For oil markets, the war scenario effectively began on 17 March, when UN personnel administering the oil-for-food programme were evacuated from Iraq and tankers stopped loading at Iraq's two official export terminals. Banks refused to provide financial guarantees to traders, fearing insufficient time to load and return before the bombs began dropping.

OPEC assures the market that it can maintain supply with statements to that effect coming from Saudi Arabia, Qatar and Algeria in recent days, and from the OPEC president on 20 March. Saudi Arabia, to whom it will largely fall to make good the Iraqi shortfall, has chartered new tankers capable of transporting 1 million barrels a day (b/d) to the market in April. Riyadh also announced that about 50 million barrels of crude is already in storage ready for export.

As the Iraq drama plays out, other factors are coalescing to ease supply fears.
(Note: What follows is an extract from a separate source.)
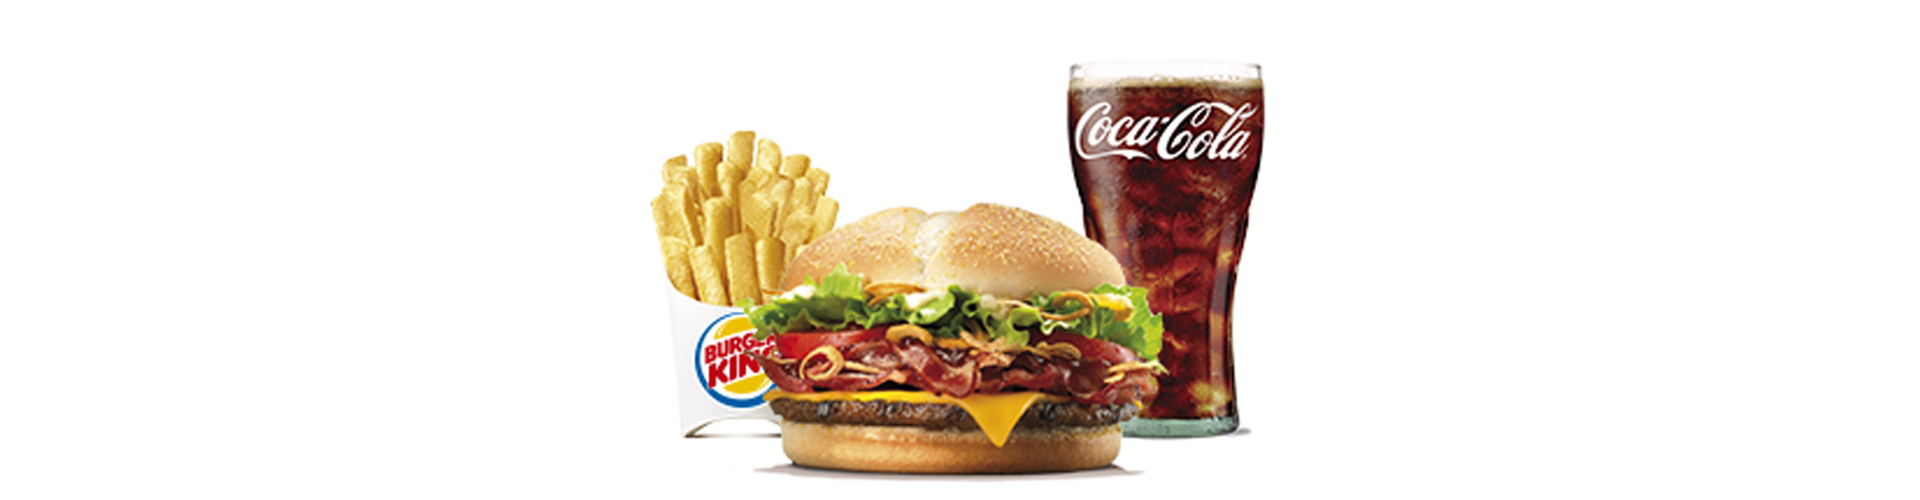 burgerking-40001713-sprite-ensalada
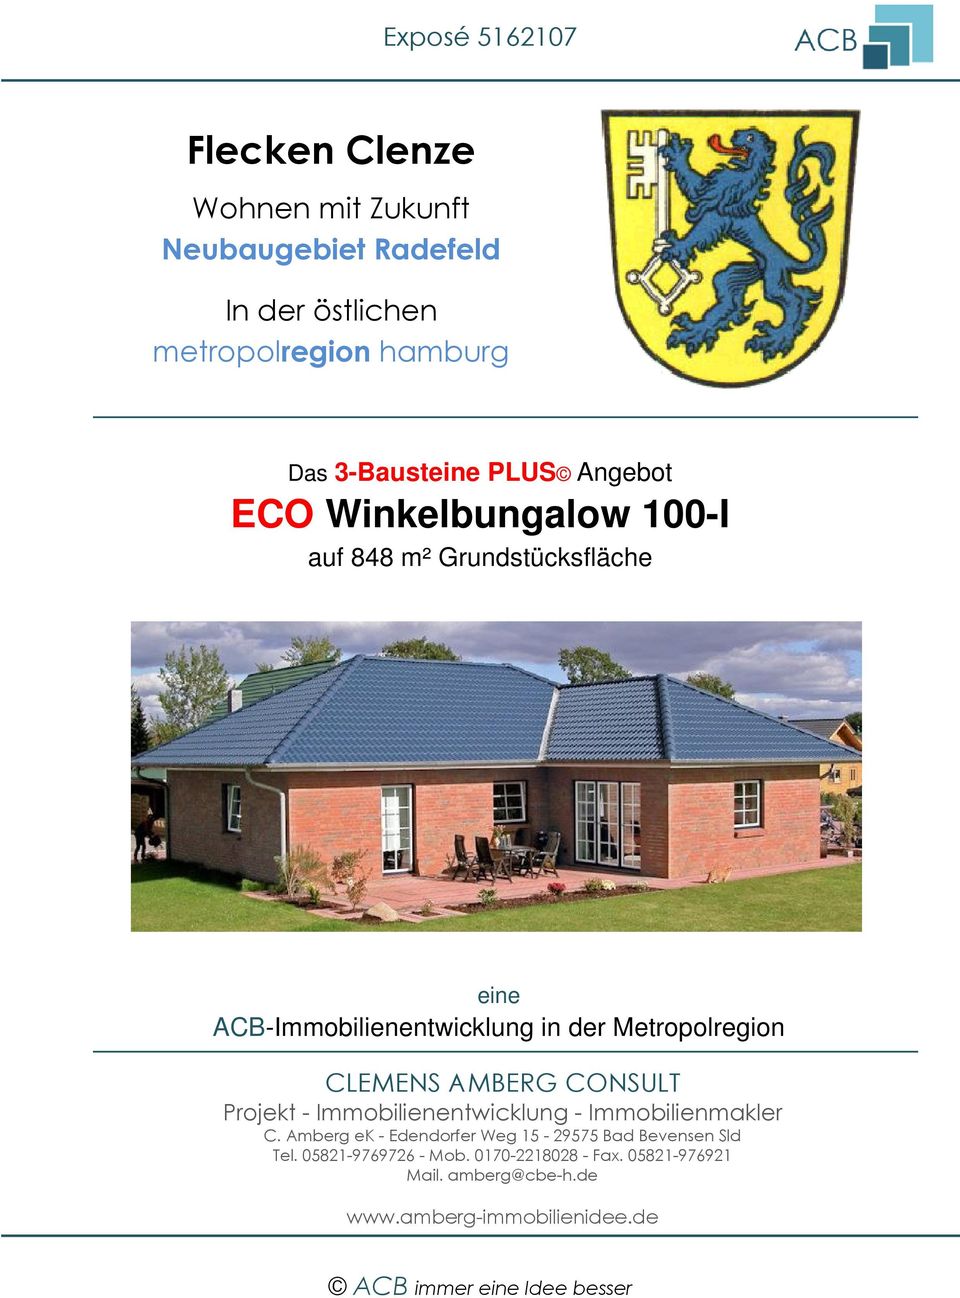 AMBERG CONSULT Projekt - Immobilienentwicklung - Immobilienmakler C. Amberg ek - Edendorfer Weg 15-29575 Bad Bevensen Sld Tel.

Venezuela has succeeded in restoring production more swiftly than expected, raising output to about 2.4 million b/d. The northern hemisphere winter is also coming to an end, reducing demand for heating oil. Seasonal demand is expected to drop by about 2 million b/d in the second quarter. Meanwhile, Saudi oil shipped to the US in January to meet demand created by the cold snap and the Venezuelan outage will arrive at the beginning of April. Most analysts therefore see a significant fall in prices on the horizon.

However, the fall is unlikely to be as sharp as in 1991. 'Oil prices will be supported by high levels of demand from China and Japan, which is in the process of switching away from nuclear fuel, and by unusually low inventories,' the analyst said.

The next looming supply worry comes from Nigeria. Unrest has forced the Royal Dutch/Shell Groupto close two flow stations and evacuate staff from the Niger Delta, and a total of 90,000 b/d of output has been shut off. Further disruption is forecast around April's general election.